Let $P(x,y)$ denote the given statement. Now, $P(0,0)\Rightarrow f(0)^2=2f(0)\Rightarrow f(0)=0,2$ If $f(0)=0$ then $P(x,0)\Rightarrow f(x)\equiv 0\forall x\in \mathbb{Z}$ which is a contradiction. So $f(0)=2$. Now $P(0,y)\Rightarrow f(y)=f(-y)$. We claim that $f(k)=2^{k}+\dfrac{1}{2^k} \forall k\geq 0$. We will prove it by induction. We can check that the claim is true for $k=0,1,2,3,4$. Let it be true for $k=m$ and $k=m-1$ when $m\geq 1$. Then consider $P(m,1)$ and it is a one-line calculation that gives us $f(m+1)=2^{(m+1)}+\dfrac{1}{2^{m+1}}$. Now note that we got $f(k)=2^{k}+\dfrac{1}{2^k} \forall k\geq 0$, then for some $k>0$ we have, $f(-k)=f(k)=2^{k}+\dfrac{1}{2^k}=\dfrac{1}{2^{-k}}+2^{-k} \forall k\geq 0$. So the answer is $f(x)=2^{x}+\dfrac{1}{2^{x}}\forall x\in \mathbb{Z}$. Thanks to Konigsberg for pointing to my mistake, that the answer doesn't contain $|x|$,rather it's just $2^{x}+\dfrac{1}{2^{x}}$

Isn't the answer just equal to $2^{x}+\frac{1}{2^{x}}$.

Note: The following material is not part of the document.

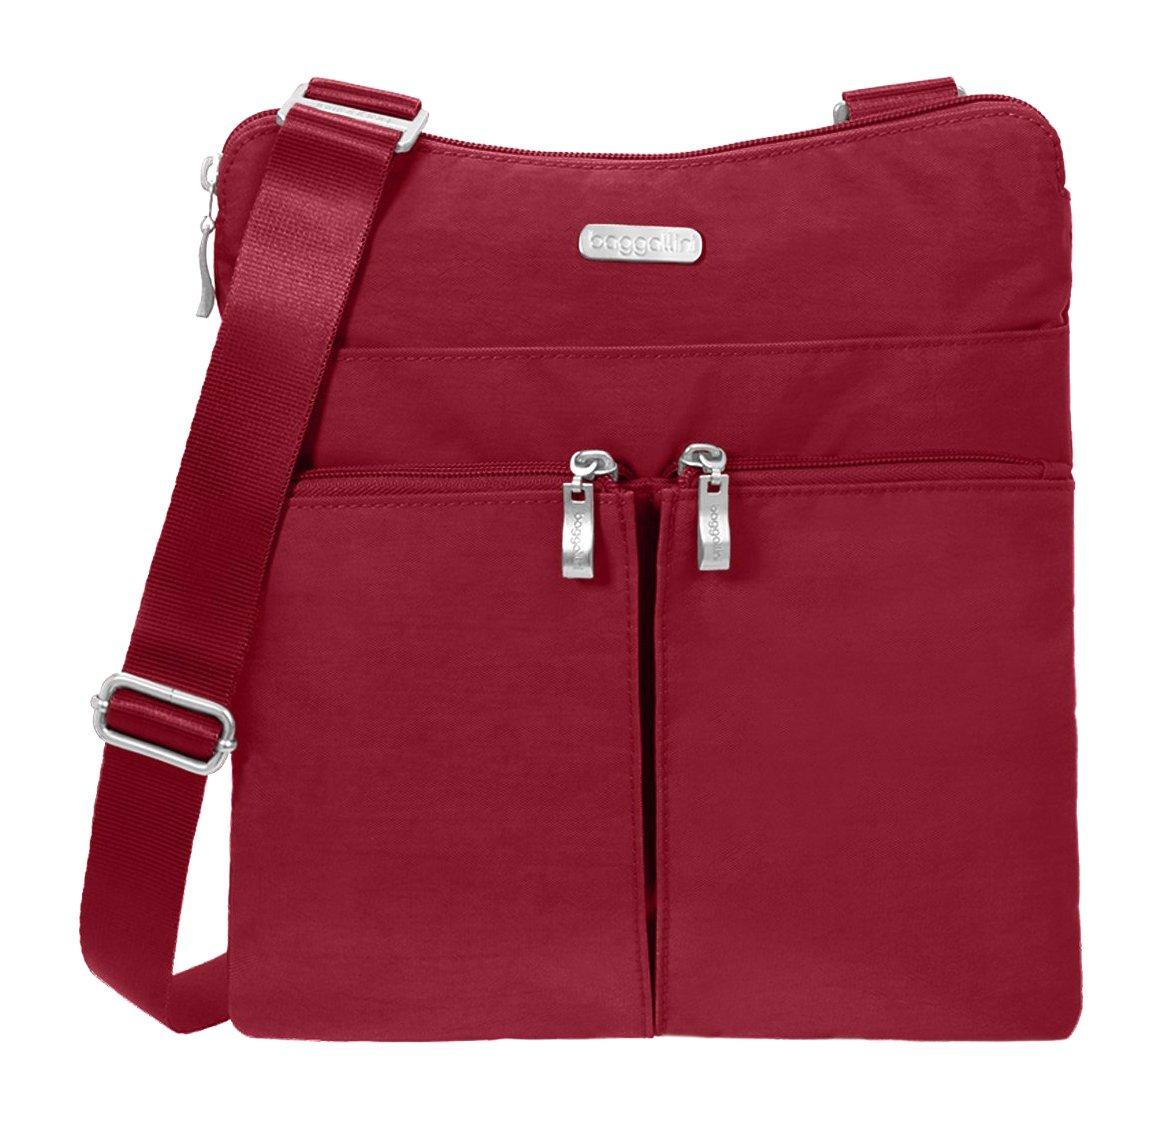 Baggallini Horizon Crossbody Travel Bag Apple One Size HRZ649-B0614

Mikasa wrote: Let $P(x,y)$ denote the given statement. Now, $P(0,0)\Rightarrow f(0)^2=2f(0)\Rightarrow f(0)=0,2$ If $f(0)=0$ then $P(x,0)\Rightarrow f(x)\equiv 0\forall x\in \mathbb{Z}$ which is a contradiction. So $f(0)=2$. Now $P(0,y)\Rightarrow f(y)=f(-y)$. We claim that $f(k)=2^{k}+\dfrac{1}{2^k} \forall k\geq 0$. We will prove it by induction. We can check that the claim is true for $k=0,1,2,3,4$. Let it be true for $k=m$ and $k=m-1$ when $m\geq 1$. Then consider $P(m,1)$ and it is a one-line calculation that gives us $f(m+1)=2^{(m+1)}+\dfrac{1}{2^{m+1}}$. Now note that we got $f(k)=2^{k}+\dfrac{1}{2^k} \forall k\geq 0$, then for some $k>0$ we have, $f(-k)=f(k)=2^{k}+\dfrac{1}{2^k}=\dfrac{1}{2^{-k}}+2^{-k} \forall k\geq 0$. So the answer is $f(x)=2^{x}+\dfrac{1}{2^{x}}\forall x\in \mathbb{Z}$. Thanks to Konigsberg for pointing to my mistake, that the answer doesn't contain $|x|$,rather it's just $2^{x}+\dfrac{1}{2^{x}}$ What is the idea to try $2^{x}+2^{-x}$ as function (before using induction) Does someone have a more direct approach to solve or can someone explain this motivation? Thanks

$f(0)=2,f(1)=\frac{5}{2}$ $f(x)f(1)=f(x+1)+f(x-1)$ or $f(x+1)=\frac{5}{2}f(x)-f(x-1)$ - reccurent sequence. $t^2-\frac{5}{2}t+1=0 \to t=2,\frac{1}{2}$ $f(x)=A*2^x+\frac{B}{2^x}$ Set $x=0,1$ we find $f(x)=2^x+\frac{1}{2^x}$